Gage Skidmore / Flickr

Florida Governor Rick Scott, a Republican running for the Senate, is a cable news celebrity this week as he reports on mobilizing evacuations and the impact of Hurricane Michael as it rips across the Florida Panhandle. Hurricane Michael hit the United States mainland as a Category 4 storm with 155 mph winds, one of the most powerful hurricanes to ever strike the continental United States and the worst in the history of western Florida.

While Scott takes full advantage of the Hurricane Michael to promote his Senate campaign, the reality is that Rick Scott is a climate change denier. His actions as Governor and in the corporate world have helped to make hurricanes more powerful and deadly.

When asked about the impact of climate change, Rick Scott generally avoids the topic by saying “I’m not a scientist.” What Scott did say is that “Clearly our environment changes all the time, and whether that’s cycles we’re going through or whether that’s man-made, I wouldn’t be able to tell you which one it is.” With this statement, not only is Scott a non-scientist, he is anti-science.

As an anti-science non-scientist, Scott supported Donald Trump’s decision to withdraw the United States from the Paris Accord designed to lower the production of greenhouse gases that are warming the planet. In April, eight young Floridians between the age of ten and twenty sued in an attempt to force Scott and the state government to develop a science-based “Climate Recovery Plan.” According Delaney Reynolds, an 18-year-old college student studying marine science, “Governor Scott says he’s not a scientist. Well, neither are most of the people that are forced to take action because the state is failing us.”

Scott has used his position as governor to undermine efforts to rein in global warming. In 2015, a report by the Florida Center for Investigative Reporting revealed that the term “climate change” was removed from dozens of official state documents.

Some state employees claimed that they were even forbidden from referring to climate change and global warming in memos and when speaking.

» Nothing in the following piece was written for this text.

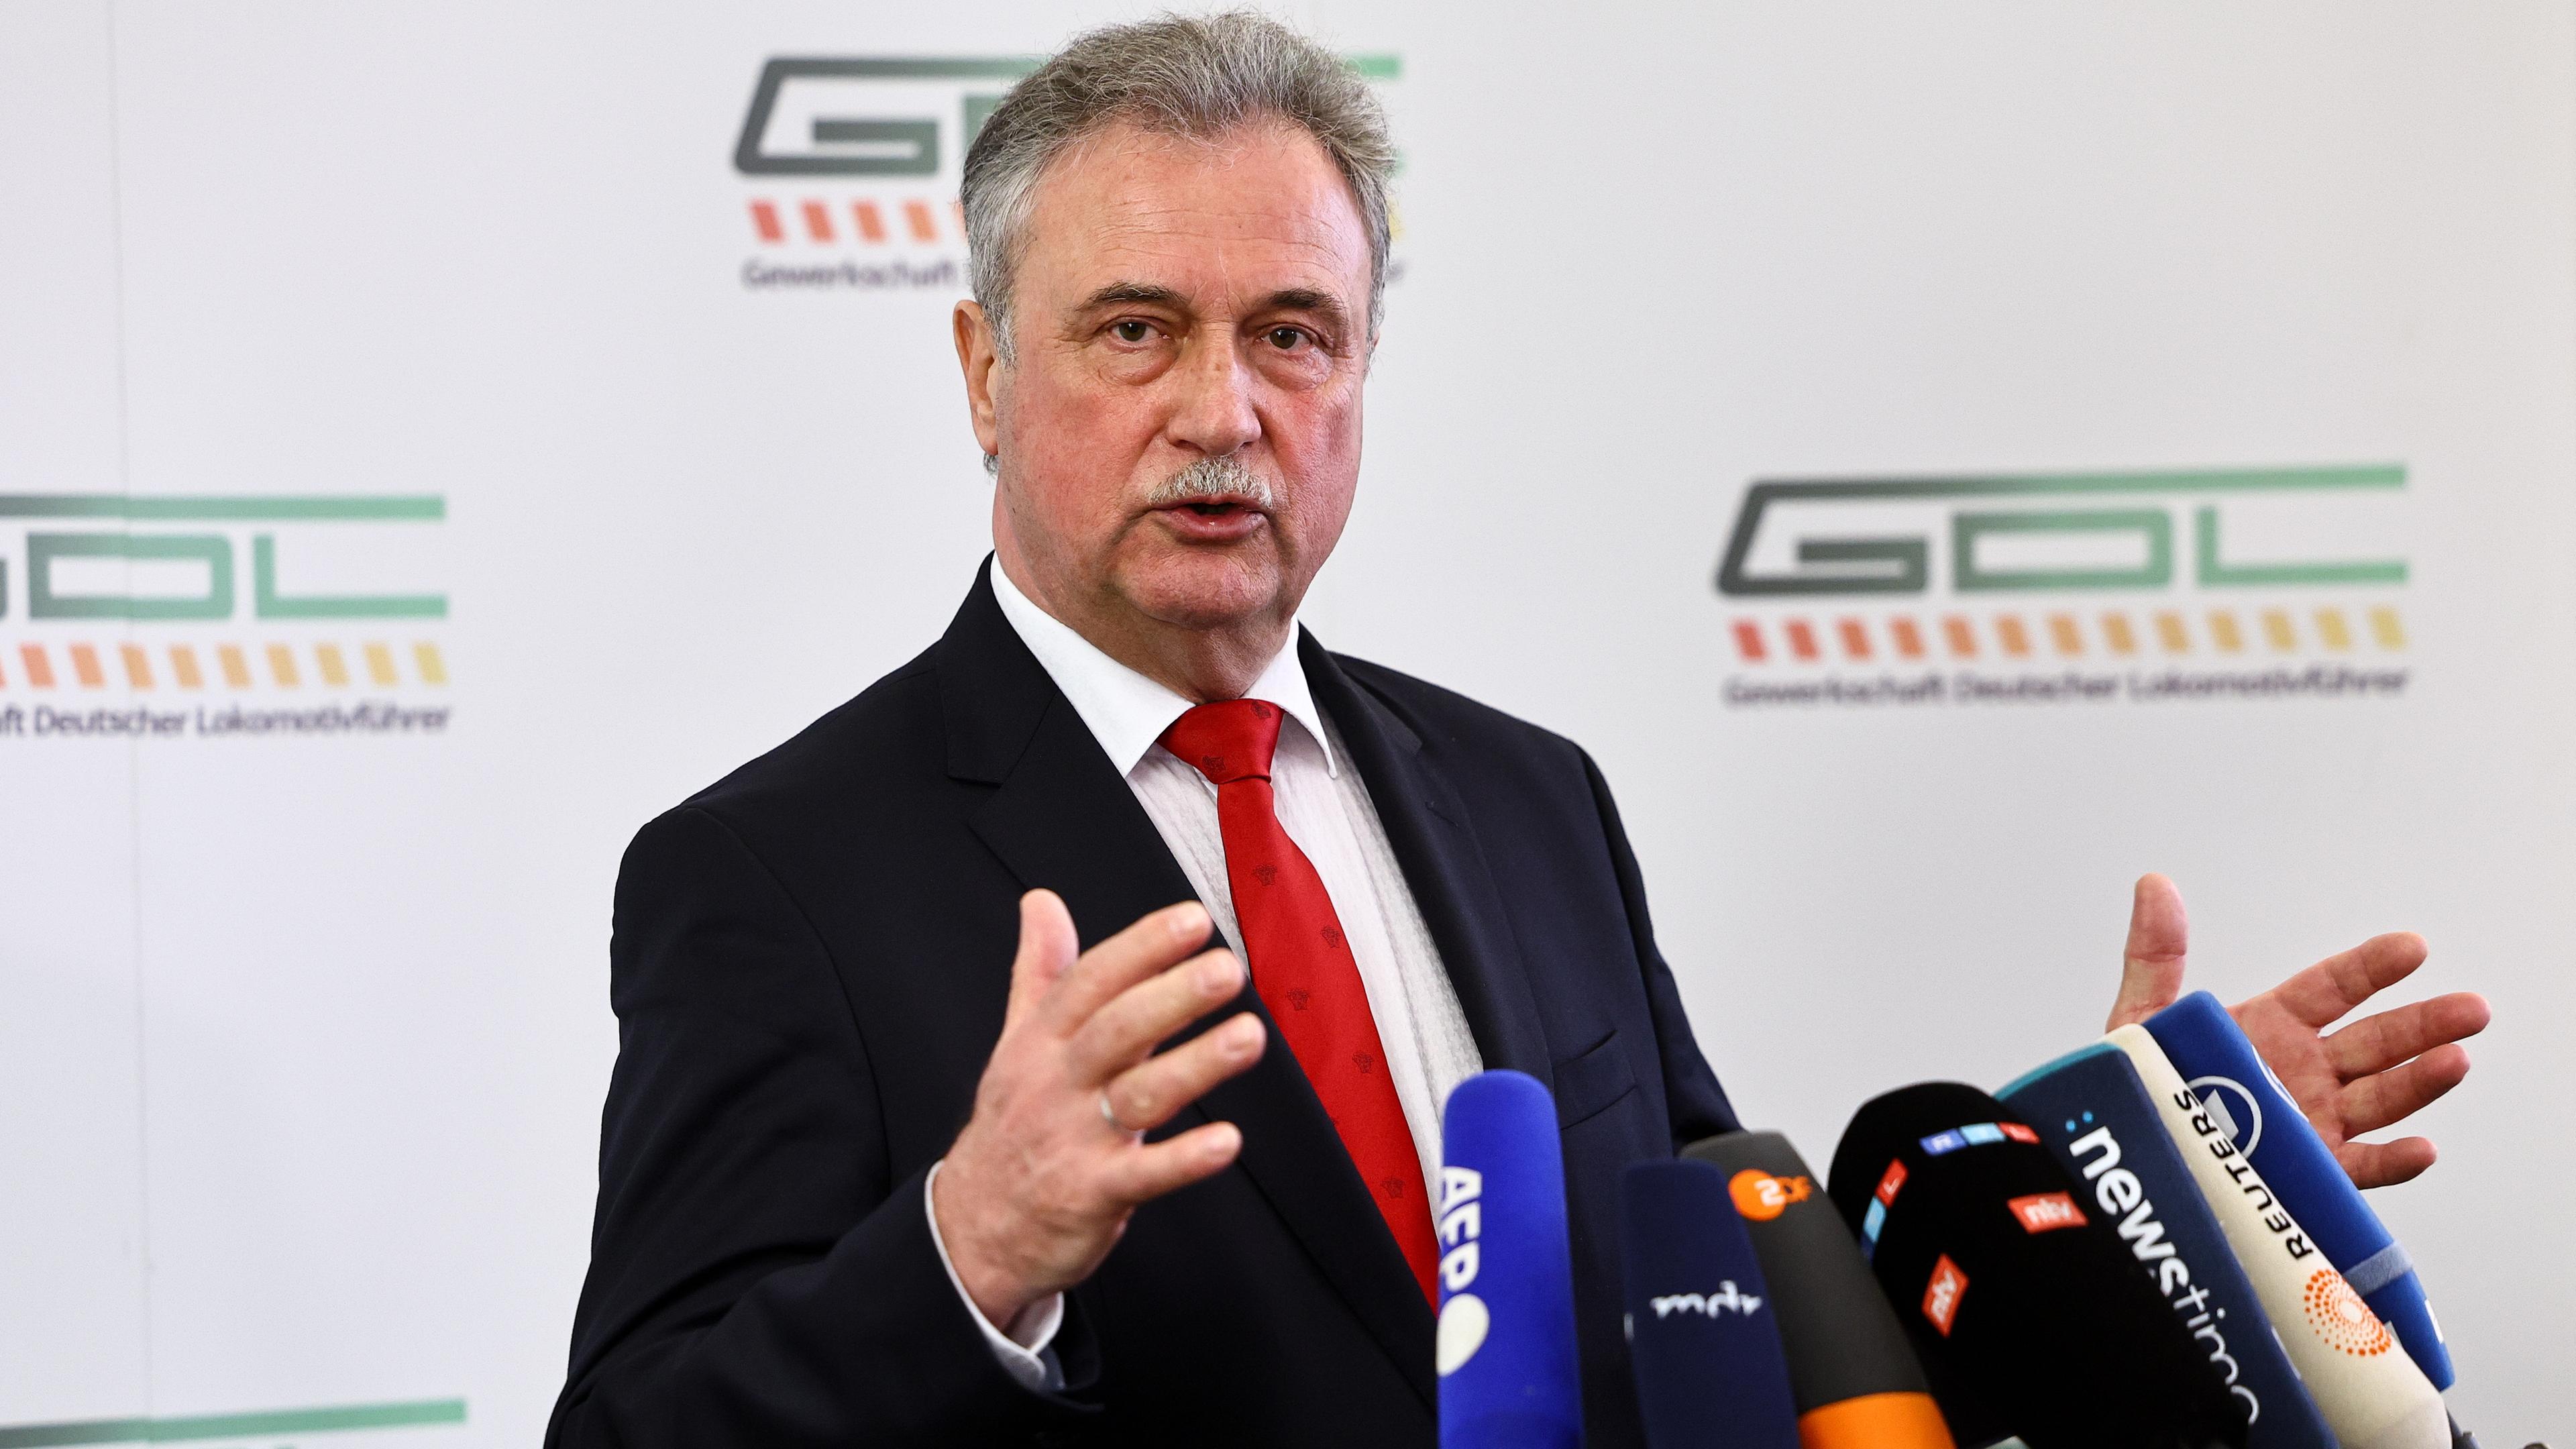 Chairman of the German train drivers' union (GDL) Claus Weselsky attends a news conference to announce a new wage deal in Berlin, Germany, 26 March 2024. The German GDL train drivers' trade union made a pay deal with Deutsche Bahn after months of strikes that restricted rail traffic in Germany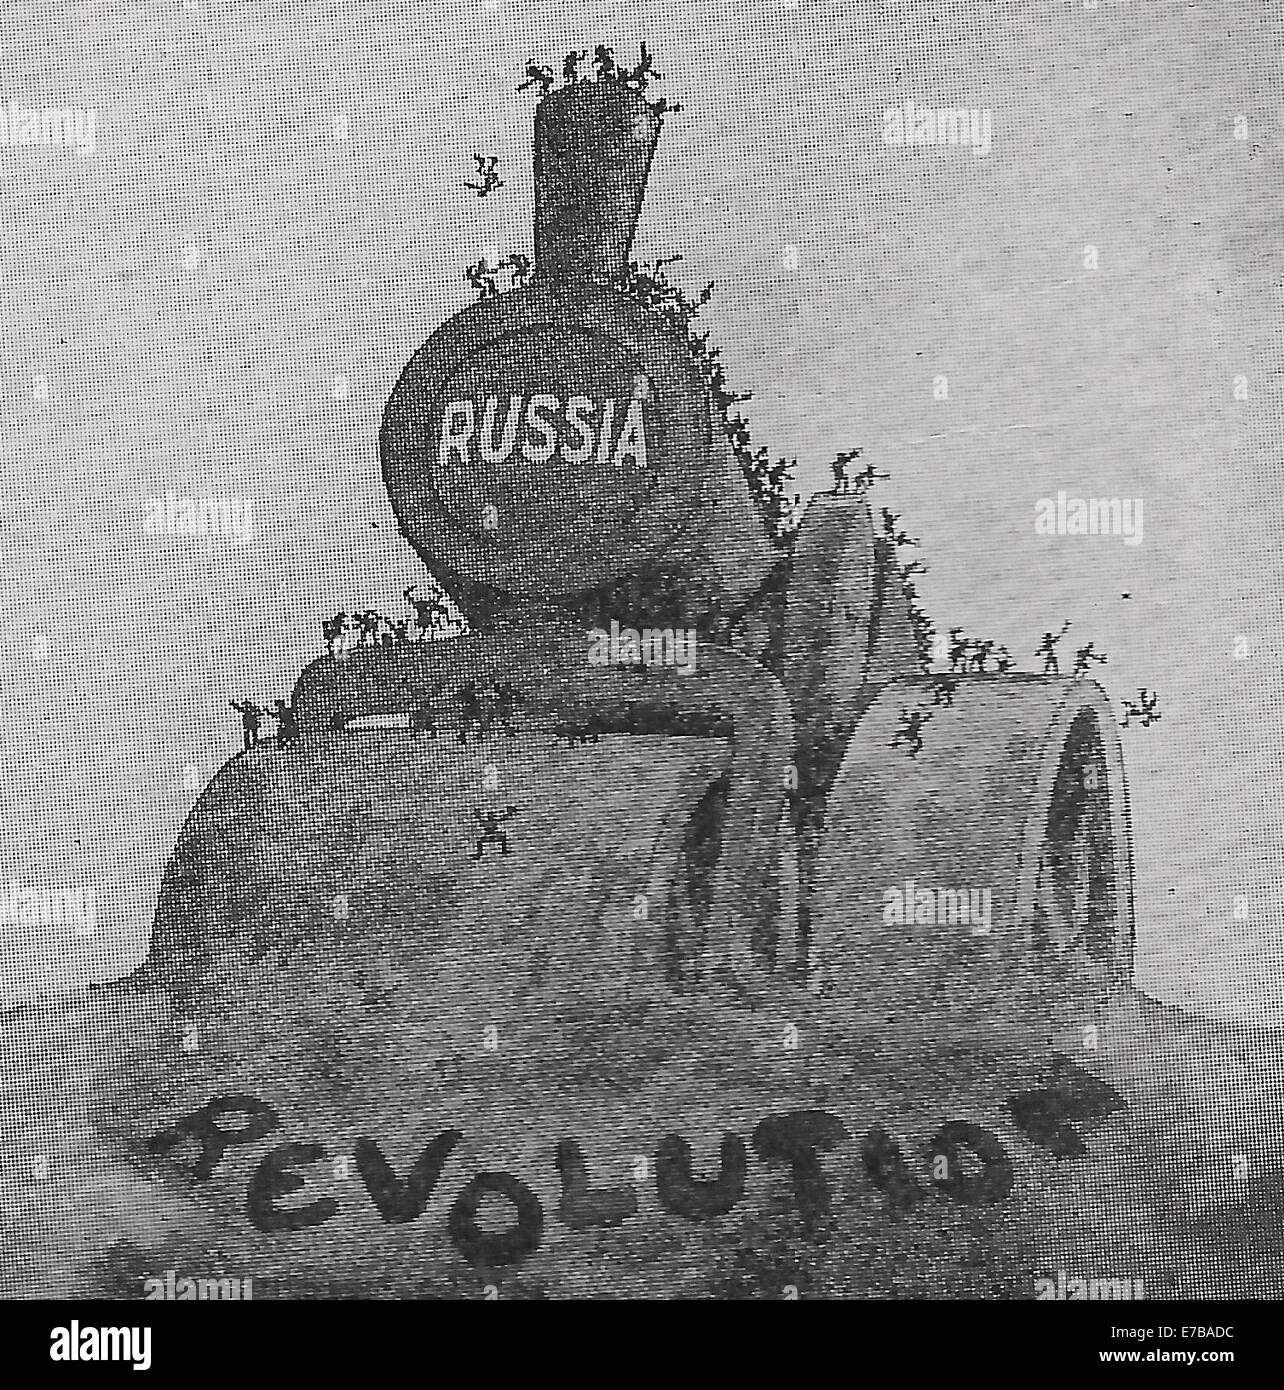 Political Cartoon - January 1918 Stuck in the Mud - The Russian Revolution unable to steamroll ahead Stock Photo

When Bart Bibler of the Florida Department of Environmental Protection (DEP) mentioned climate change during a conference call with representatives from other states, he was put on a two-day leave and received a letter of reprimand for expressing his personal views. The Florida chapter of Public Employees for Environmental Responsibility claims it has received more than a dozen complaints from Florida DEP employees.

Scott’s Department of Health is just as bad. A DOH grant to promote an examination of the “health impacts of a warming world” referred to “health effects related to weather events,” but avoided the term climate change. A doctoral student working with the DOH was ordered to remove references to climate change from her dissertation.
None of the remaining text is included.